Below is a story I recently came upon, by writer Elizabeth Gilbert, describing how she encountered God’s divine light through an ordinary human being on a crosstown bus in New York City during rush hour. I share it with you, below, in the hopes that Christ’s light may shine through you and flow out into the world, wherever you are, whatever you’re doing, today.
“Some years ago, I was stuck on a crosstown bus in New York City during rush hour. Traffic was barely moving. The bus was filled with cold, tired people who were deeply irritated—with one another; with the rainy, sleety weather; with the world itself. Two men barked at each other about a shove that might or might not have been intentional. A pregnant woman got on, and nobody offered her a seat. Rage was in the air; no mercy would be found here.
But as the bus approached Seventh Avenue, the driver got on the intercom. “Folks,” he said, “I know you’ve had a rough day and you’re frustrated. I can’t do anything about the weather or traffic, but here’s what I can do. As each one of you gets off the bus, I will reach out my hand to you. As you walk by, drop your troubles into the palm of my hand, okay? Don’t take your problems home to your families tonight—just leave ’em with me. My route goes right by the Hudson River, and when I drive by there later, I’ll open the window and throw your troubles in the water. Sound good?”
It was as if a spell had lifted. Everyone burst out laughing. Faces gleamed with surprised delight. People who’d been pretending for the past hour not to notice each other’s existence were suddenly grinning at each other like, is this guy serious?
Oh, he was serious.
At the next stop—just as promised—the driver reached out his hand, palm up, and waited. One by one, all the exiting commuters placed their hand just above his and mimed the gesture of dropping something into his palm. Some people laughed as they did this, some teared up—but everyone did it. The driver repeated the same lovely ritual at the next stop, too. And the next. All the way to the river.
We live in a hard world, my friends. Sometimes it’s extra difficult to be a human being. Sometimes you have a bad day. Sometimes you have a bad day that lasts for several years. You struggle and fail. You lose jobs, money, friends, faith, and love. You witness horrible events unfolding in the news, and you become fearful and withdrawn. There are times when everything seems cloaked in darkness. You long for the light but don’t know where to find it.
But what if you are the light? What if you’re the very agent of illumination that a dark situation begs for?

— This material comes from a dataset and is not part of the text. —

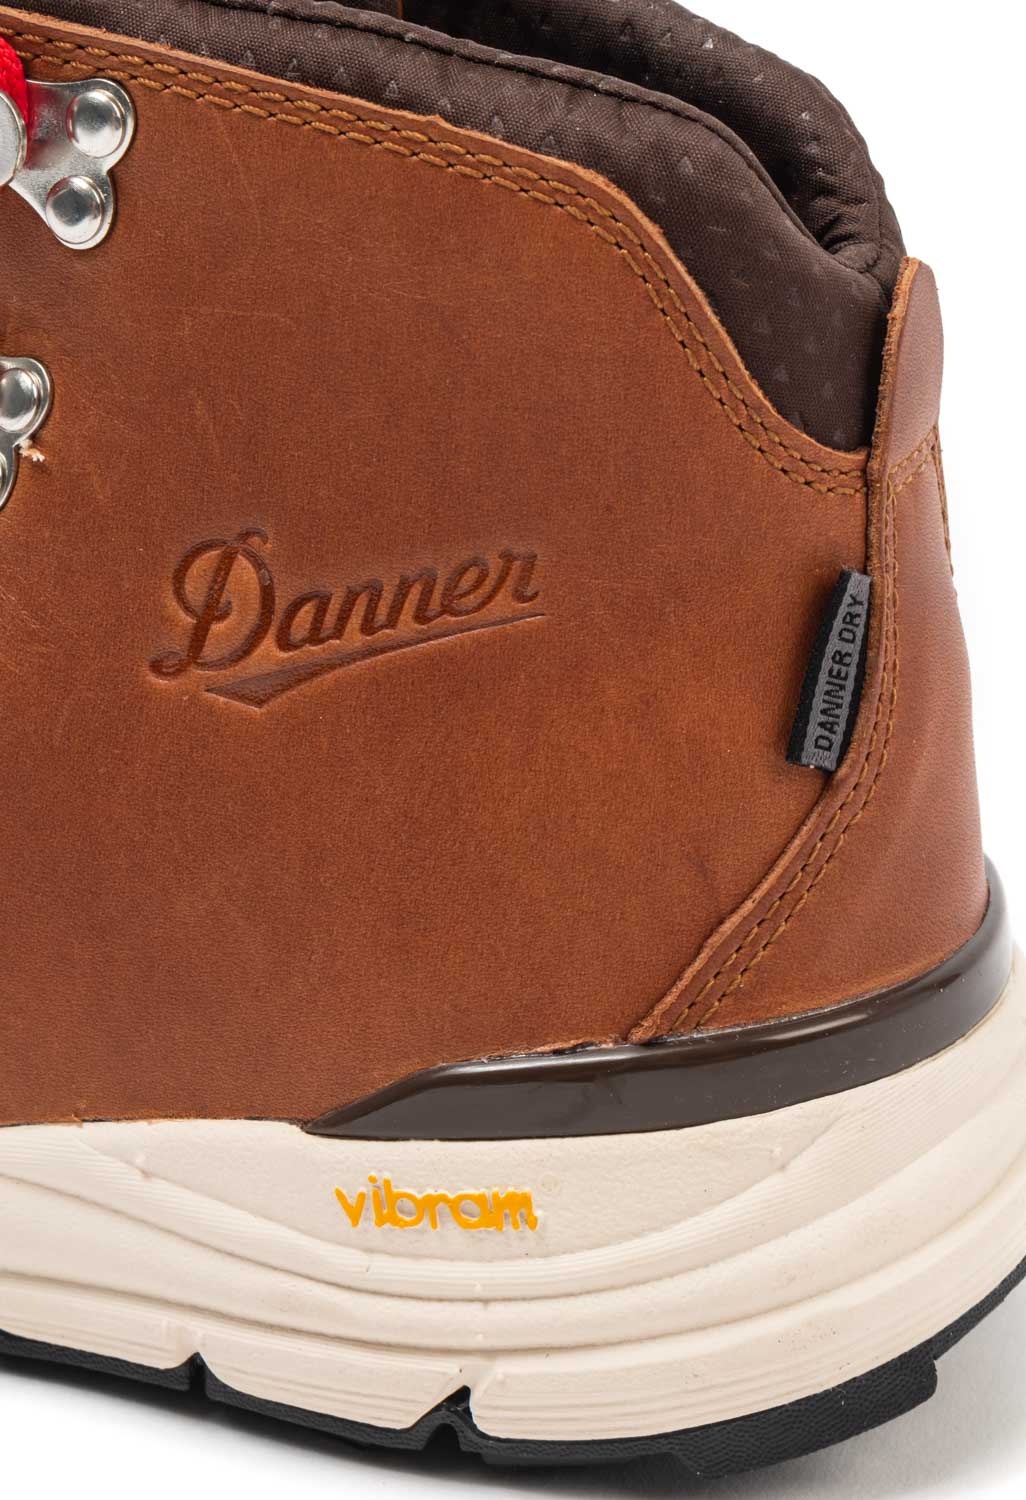 Danner Mountain 600 Full Grain Women's Boots - Saddle Tan

That’s what this bus driver taught me—that anyone can be the light, at any moment. This guy wasn’t some big power player. He wasn’t a spiritual leader. He wasn’t some media-savvy “influencer.” He was a bus driver—one of society’s most invisible workers. But he possessed real power, and he used it beautifully for our benefit.

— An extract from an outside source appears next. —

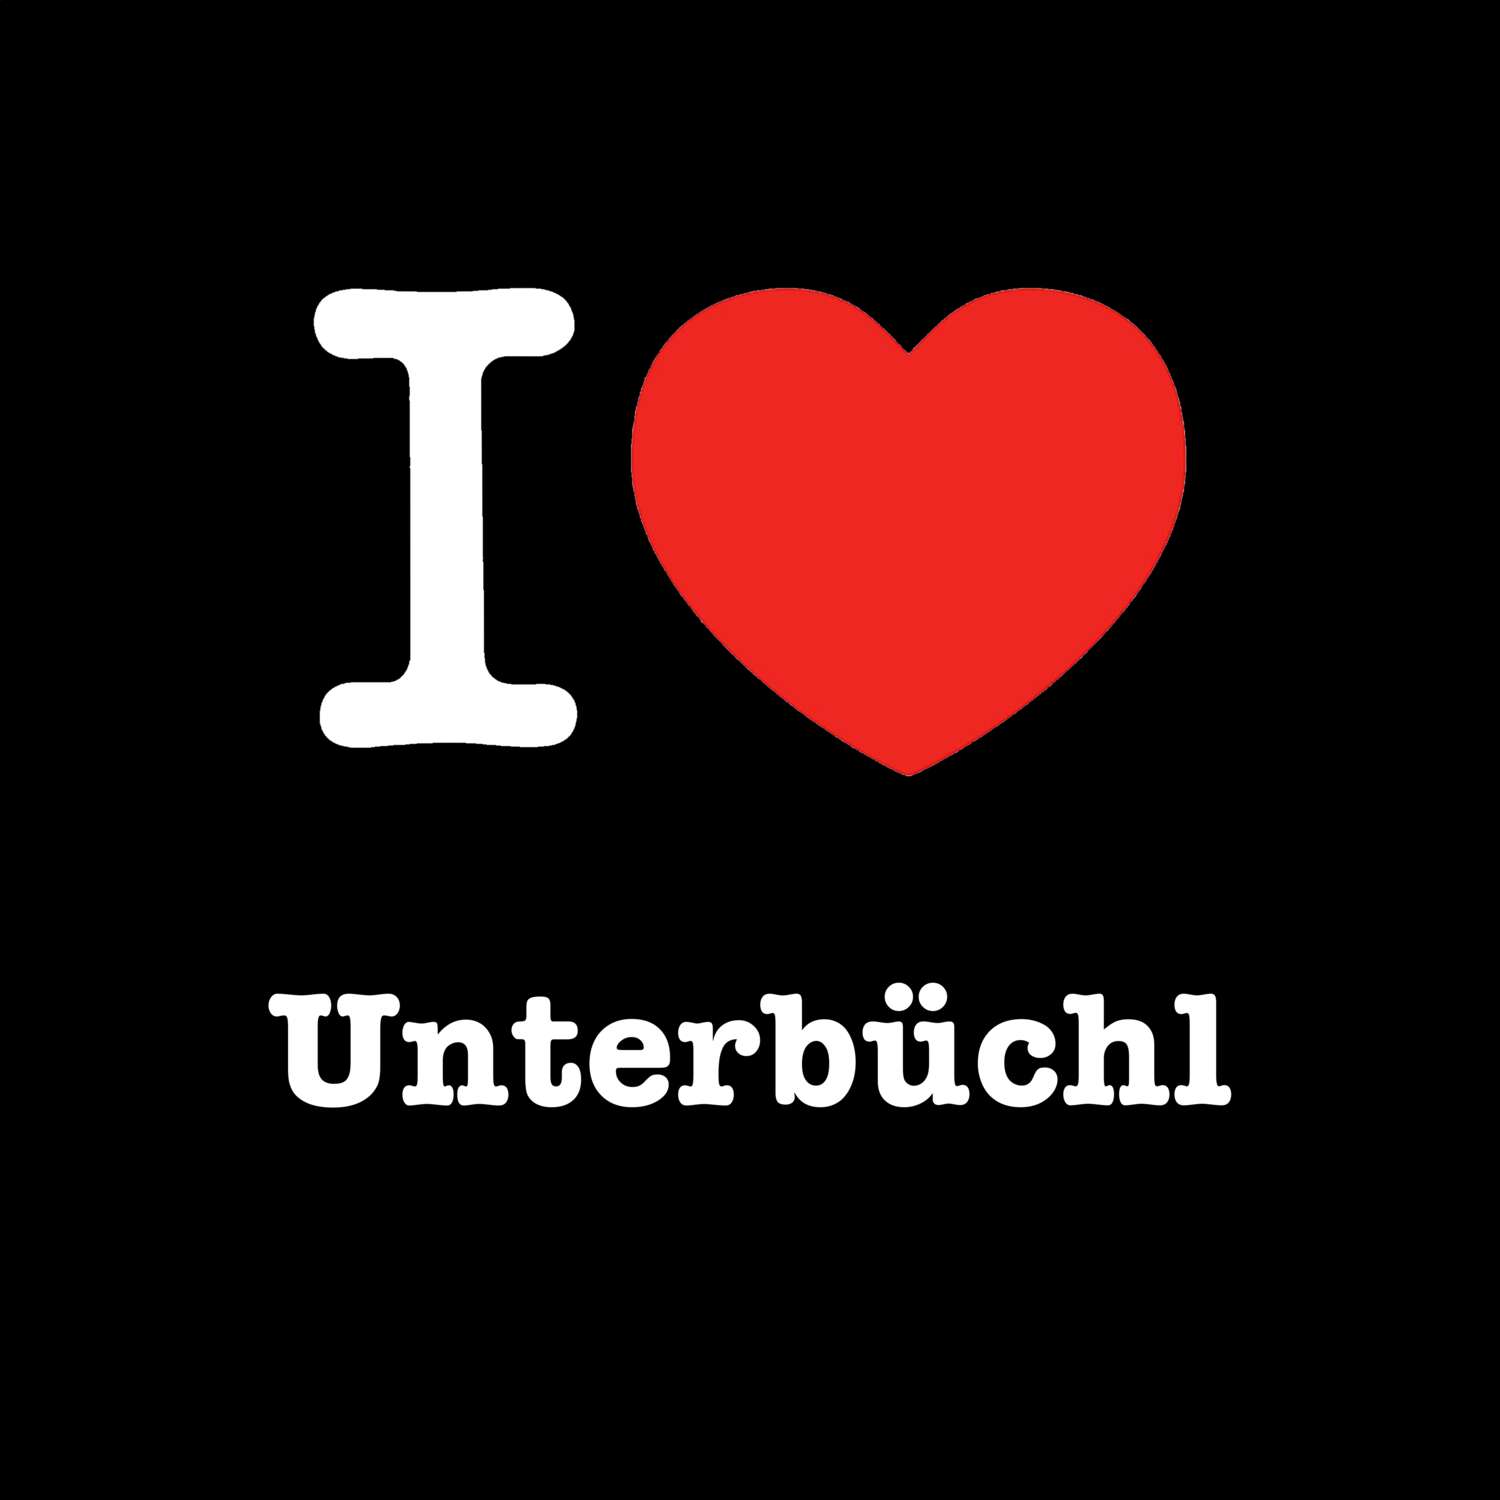 Unterbüchl T-Shirt »I love«

When life feels especially grim, or when I feel particularly powerless in the face of the world’s troubles, I think of this man and ask myself, What can I do, right now, to be the light? Of course, I can’t personally end all wars, or solve global warming, or transform vexing people into entirely different creatures. I definitely can’t control traffic. But I do have some influence on everyone I brush up against, even if we never speak or learn each other’s name. How we behave matters because within human society everything is contagious—sadness and anger, yes, but also patience and generosity. Which means we all have more influence than we realize.
No matter who you are, or where you are, or how mundane or tough your situation may seem, I believe you can illuminate your world. In fact, I believe this is the only way the world will ever be illuminated—one bright act of grace at a time, all the way to the river.”